LBS data, generated by smartphones and social media check-ins, have emerged as a valuable resource for understanding human activities (Cheng et al. 2021; Kubíček et al. 2019; Mao et al. 2016; Ratti et al. 2006; Seidl, Jankowski, and Tsou 2016; Shi et al. 2022; Wang et al. 2012; Wu et al. 2020; Zhao et al. 2017). These data sources offer the potential to enhance the accuracy of human activity research and enable fine-scale analysis (Fan et al. 2022; He et al. 2022; Kim, Helal, and Cook 2010; Shum et al. 2022; Yu et al. 2021). Numerous studies have delved into the spatio-temporal distribution of LBS data, thereby gaining intricate insights into the characteristics of human activities, such as identifying socially significant locations (Celik and Dokuz 2017; Dokuz 2022) and elucidating anomalous daily activities (Dokuz and Celik 2017). Chen et al. (2018) employed mobile phone records to create a neural network model for high-precision urban population mobility predictions, while Zheng et al. (2017) utilized Tencent location data combined with nighttime light data to extract accurate urban built-up area boundaries. Additionally, Yi, Du, and Tu (2019) analyzed the spatial and temporal characteristics of the population distribution on the Qinghai-Tibet Plateau during a festival using Tencent location data.

In current research using location-based data to study human activities, the focus is often placed on overall human activities or specific types of activities. However, there is limited research attempting to distinguish different human activity patterns using geographic location data. Additionally, most of the studies on human activities tend to concentrate on economically developed, densely populated urban areas, while research on high-altitude mountain areas is scarce. High-altitude mountain regions are characterized by sparse population distribution and underdeveloped infrastructure, which make it challenging to obtain sufficient and reliable location data. In contrast to plain areas, human activities in high-altitude mountainous areas are more likely to be influenced by natural factors, such as terrain and rivers, rather than economic or transportation factors.

Qilian Mountain National Park (QMNP) is situated in the northeastern part of the Qinghai-Tibet Plateau, serving as an essential ecological function area and a renowned tourist attraction in China (Duan et al. 2021; Liu et al. 2003; Peng et al. 2021). Over at least the past decade, the ecological environment of QMNP has been severely damaged due to human activities such as exploration and mining, garnering widespread attention (Li et al. 2021). In QMNP, the characteristics of human activities are influenced by factors such as terrain, altitude, and traffic conditions, which differ from those in cities.

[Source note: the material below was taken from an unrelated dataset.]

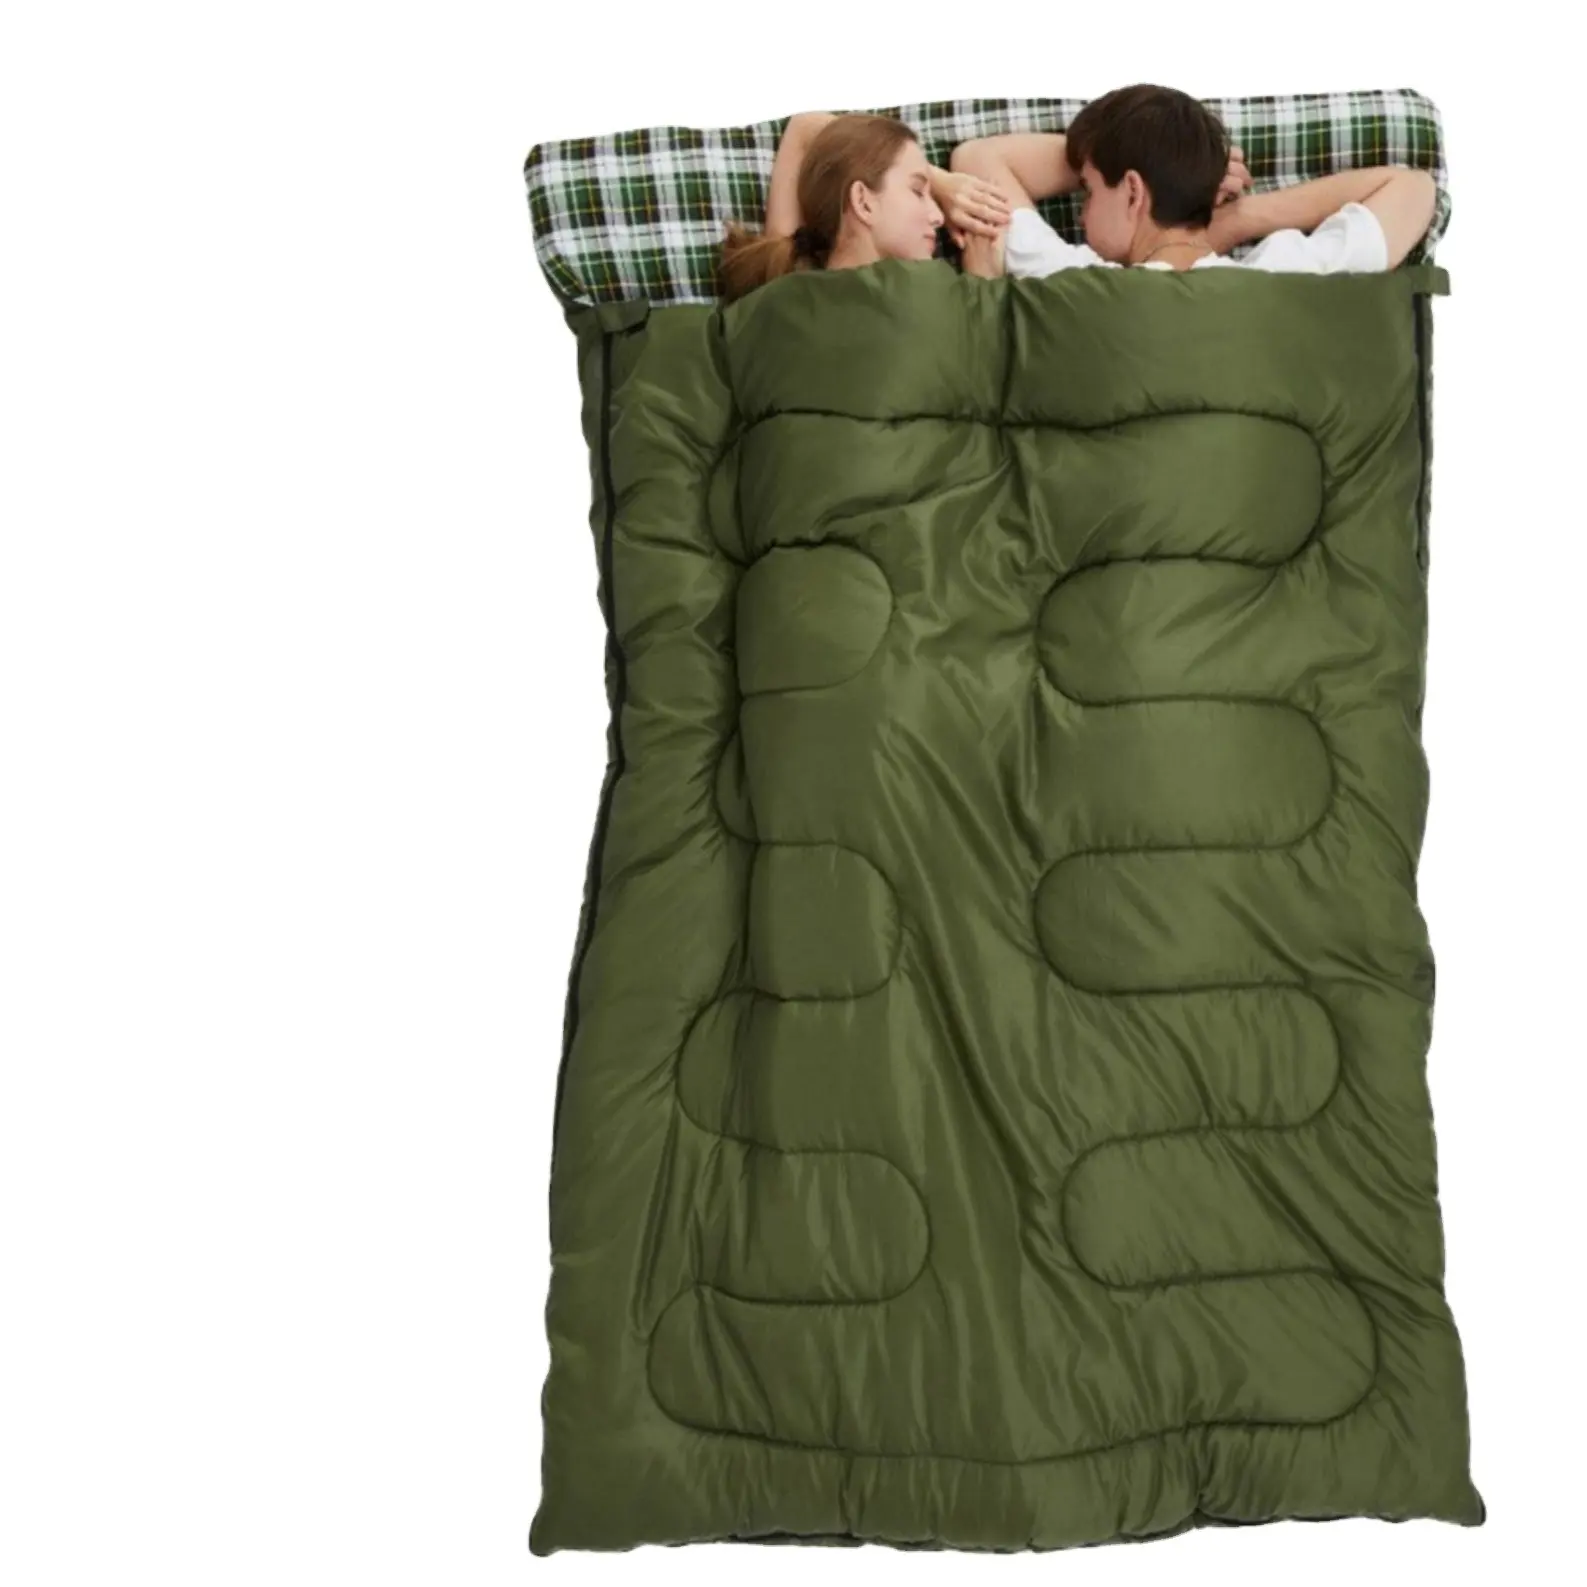 3 인 더블 부모-자식 가족 커플 침낭 스플라이스 가능 야외 방수 휴대용 침낭

In this study, we utilized Tencent location data and travel trajectory data to examine human activities in QMNP. We analyzed the distribution characteristics of location data and travel trajectories within the park. Using the location data, we constructed time series of human activities and conducted clustering on the time series to identify distinct human activity patterns. Then we interpreted these patterns in conjunction with land use data and trajectory data. Finally, we applied time series decomposition to investigate and summarize the spatiotemporal distribution characteristics of human activity features in extended time series.

2. Data and study area

2.1. Study area: Qilian Mountain National Park (QMNP)

QMNP, located in the arid region of Northwest China, is a vast protected area with a total area of approximately 5 million hectares and an average elevation of 3,760 meters in Figure 1. This region is characterized by a typical temperate continental mountain climate. In QMNP, there are croplands and pastures, and the residents make a living mainly through agriculture or animal husbandry. QMNP is also a famous tourist destination, attracting many visitors with its natural beauty.

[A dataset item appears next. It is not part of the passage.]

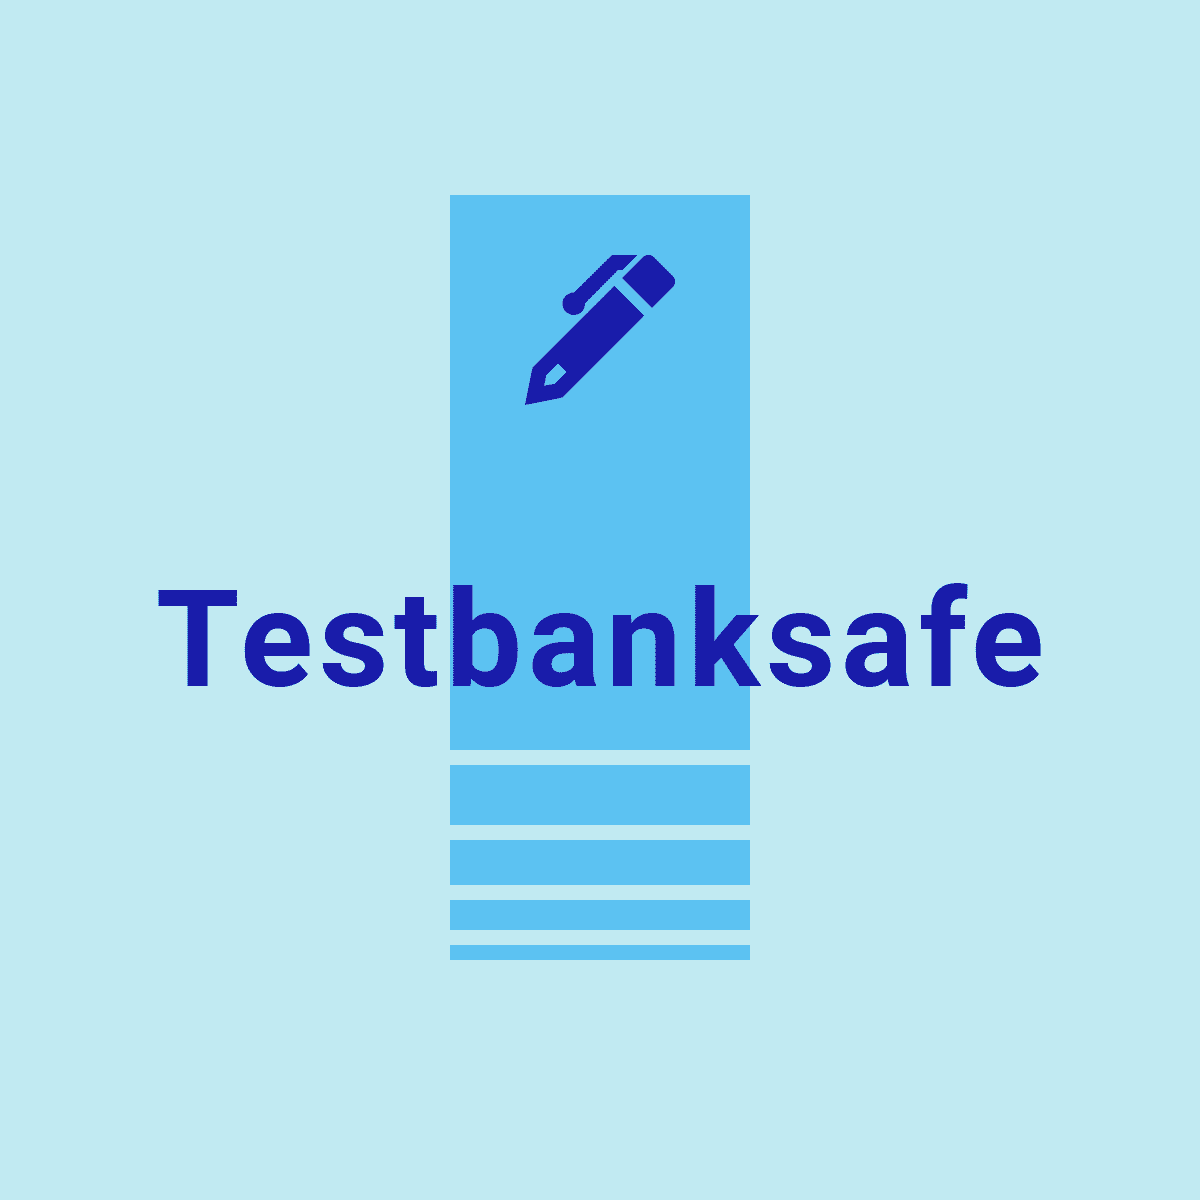 Test Bank Safe

Figure 1. The location of QMNP.

2.2. Tencent location data

Tencent Location Service is an example of a location-based service (LBS) and is widely used in China, including products such as QQ, WeChat, and Tencent Maps. Whenever users access LBSs through these products, they generate location data that contain information on time and user location (Zhang et al. 2020). Tencent location data consist of the total number of location requests, aggregated hourly within a 0.01° × 0.01° grid of latitude and longitude, based on the information provided by cell phone users when using Tencent Maps location services. These data include date, time, latitude, longitude, and the number of location requests.

Considering the possible impact of the COVID-19 pandemic on human activities, we collected Tencent location data in the study area from March 2018 to January 2019 before the outbreak. We identified a small number of outlier points in the collected data, which were caused by errors in the Tencent data collection mechanism. We divided QMNP into 10 km × 10 km grids and used the threshold method to initially clean the data. We counted the number of locations within each grid throughout the year and filtered out areas with too few total locations throughout the year by specifying a threshold of 100. After processing, we obtained a total of 79,406 location data points for 362 positioning grids.

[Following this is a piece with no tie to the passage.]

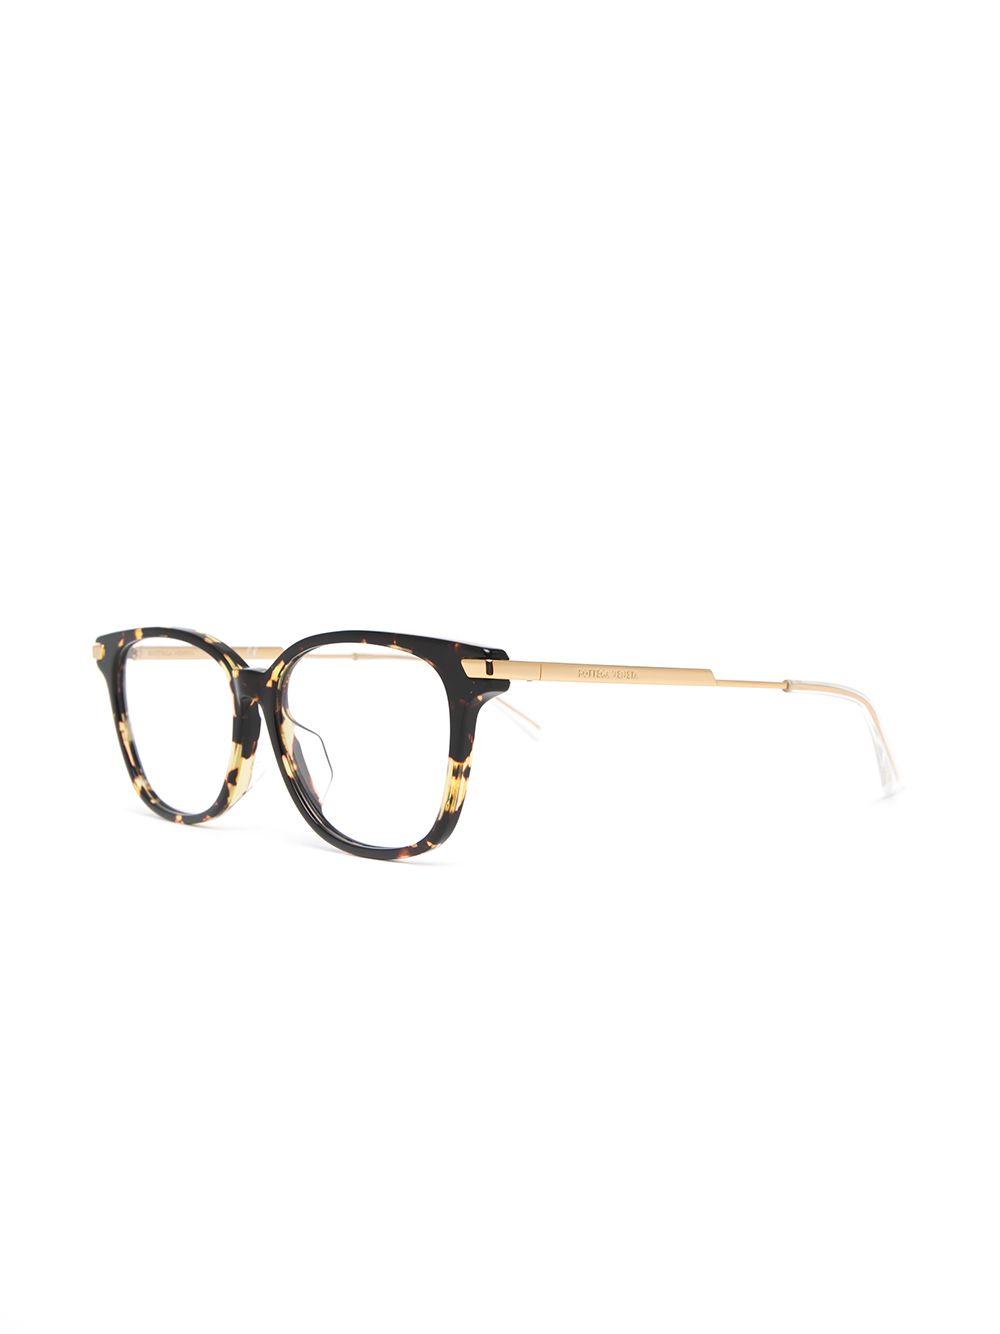 фото Bottega veneta eyewear очки в оправе черепаховой расцветки

2.3. 2bulu Outdoor Travel website

The 2bulu Outdoor Travel website (https://www.2bulu.com/) is a popular interactive platform in China used for sharing outdoor resources and connecting with communities (Mou et al. 2022). The website collects and shares outdoor tracks voluntarily recorded by Chinese travelers through the 2bulu Outdoor Assistant app. These tracks are composed of GPS data points and can be linked to photos uploaded by tourists on the website. As the main users of the website are travel enthusiasts, the trajectories shared are mostly travel trajectories.

For this study, we obtained 18,069 GPS trajectories shared by tourists in Gansu Province and Qinghai Province from January 2009 to August 2022 from the 2bulu Outdoor Travel website. These data contained attribute information such as TrackId (individual journey), Username (uploader ID), total track length, time, trip description, and trip start and end points (Table 1).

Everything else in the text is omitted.